The preamble to the UN Charter states that "the peoples of the United Nations (are) determined to save future generations from the scourge of war, which twice in our lifetime has brought untold suffering to mankind." Unfortunately, this appeal of the UN Charter seems forgotten today. This is mainly because the actual protecting powers (and UN founding members) of the UN Charter, the US, UK, France and now Russia, have continuously eroded the principles of the UN Charter, indeed, repeatedly ignored them altogether. This is possible for them as permanent members of the UN Security Council with veto power. In the war in Ukraine, these four protective and veto powers have now become adversaries in the conflict. As such, they bear primary responsibility for this war vis-à-vis humanity.
A constantly repeated accusation in the West is that Russia's war of aggression against Ukraine is illegal under international law and that Ukraine thus not only has the right to defend itself, but also has the right to ask other states for help in defending itself. This is indisputable, as this statement is based on the UN Charter. But does the UN Charter thereby also give the West the right to continue this war at will, to seek a military victory over Russia and to refuse all peace efforts on these grounds? Certainly not!

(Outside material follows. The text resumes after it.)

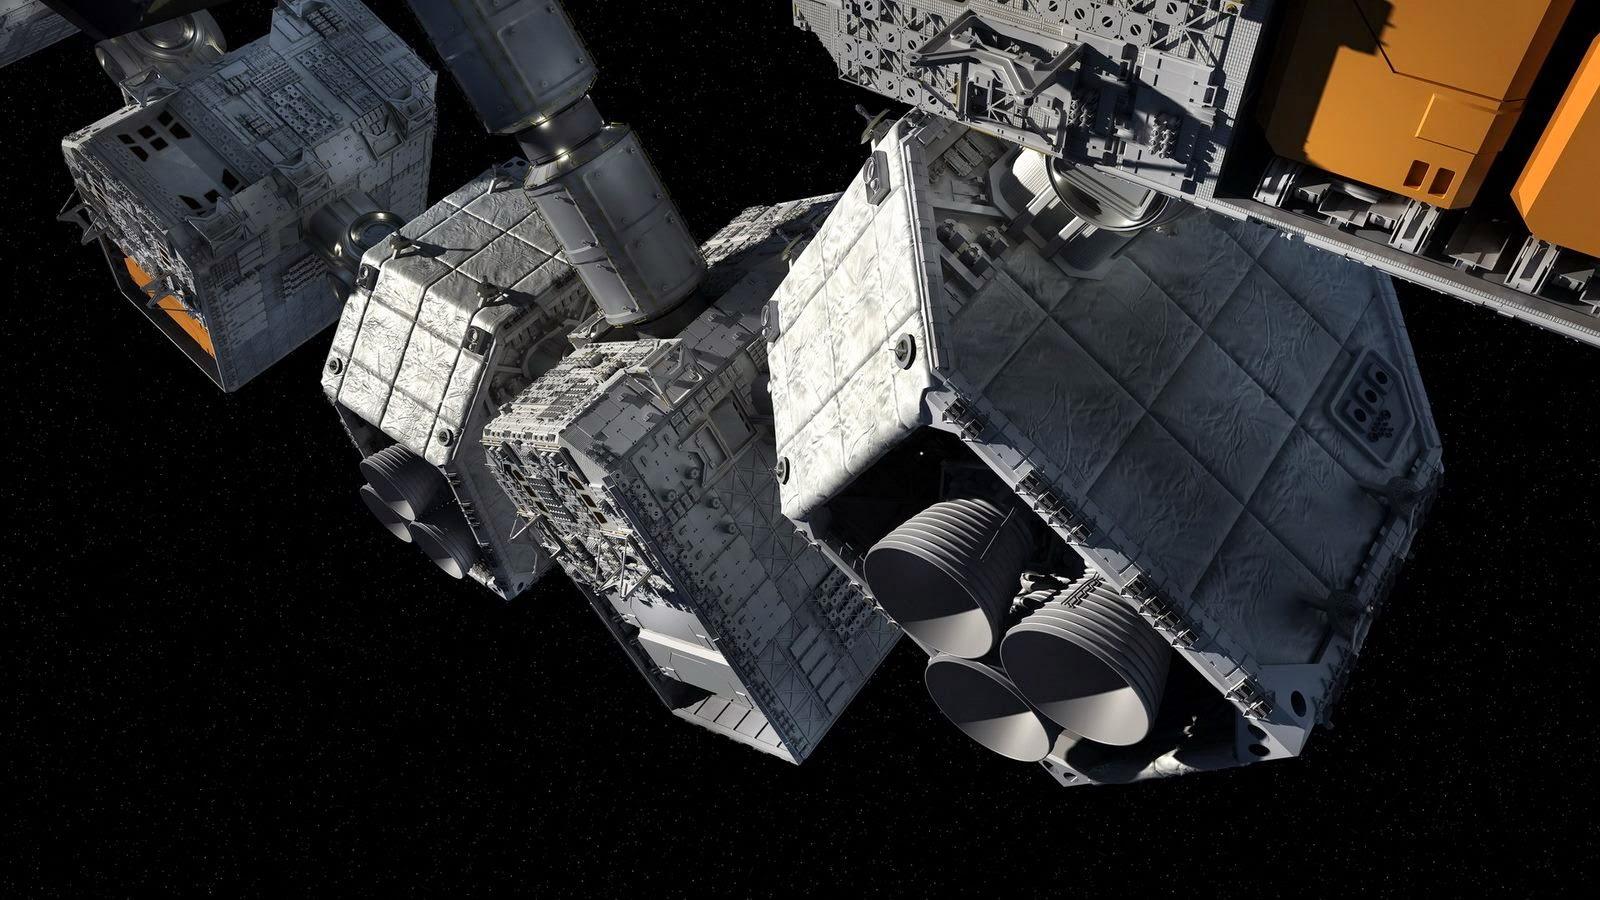 Interstellar Endurance Spaceship Wallpaper free desktop  - interstellar endurance spaceship wallpapers

Because in its core the UN Charter is a mutual obligation of all member countries to solve conflicts peacefully; only on this is based the general ban on the use of military force for political goals - and not vice versa. The UN Charter is precisely not a global ceasefire agreement, but a call to all member countries to guarantee worldwide peace through peaceful means. The charter is first a peace commandment and only then a war prohibition! It is this aspect of the peace commandment which breaks with a military logic which had led to so many wars in the past, especially in Europe. If today it is again argued that peace can only be achieved by force of arms - i.e. by war - this is a relapse into the warlike times before the UN Charter.
The UN Charter's peace imperative breaks with the military logic of the past
The UN Charter then goes on to say that the main task is "to maintain international peace and security and, to this end, to take effective collective measures to prevent and eliminate threats to the peace, to suppress acts of aggression and other breaches of the peace, and to settle or settle by peaceful means, in accordance with the principles of justice and international law, international disputes or situations which might lead to a breach of the peace." And then more explicitly, "All Members shall settle their international disputes by peaceful means in such a way as not to endanger international peace, security and justice."
The obligation to resolve conflicts peacefully exists not only to prevent wars, but also to find ways out of wars. For example, the UN General Assembly resolution of March 2, 2022, strongly condemning Russia's military intervention, calls not only on Russia and Ukraine, but on all states involved, to find a peaceful solution to the Ukrainian war: "The General Assembly urges the immediate peaceful settlement of the conflict between the Russian Federation and Ukraine through political dialogue, negotiation, mediation and other peaceful means."
In many ways, the UN Charter is far superior to today's black-and-white view of a world between good and evil, or even between supposedly democratic and authoritarian states. For example, the UN Charter does not use terms such as war of aggression, preventive war, anti-terrorist war or even humanitarian war. It does not distinguish between the respective political systems of the member states, nor does it distinguish between justified and unjustified points of contention between the parties to a conflict. The UN Charter assumes that there are always two sides to every conflict, which are to be reconciled by peaceful means. Applied to the Ukraine war, Russia's and Ukraine's security interests would have been equal and should have been resolved through negotiations.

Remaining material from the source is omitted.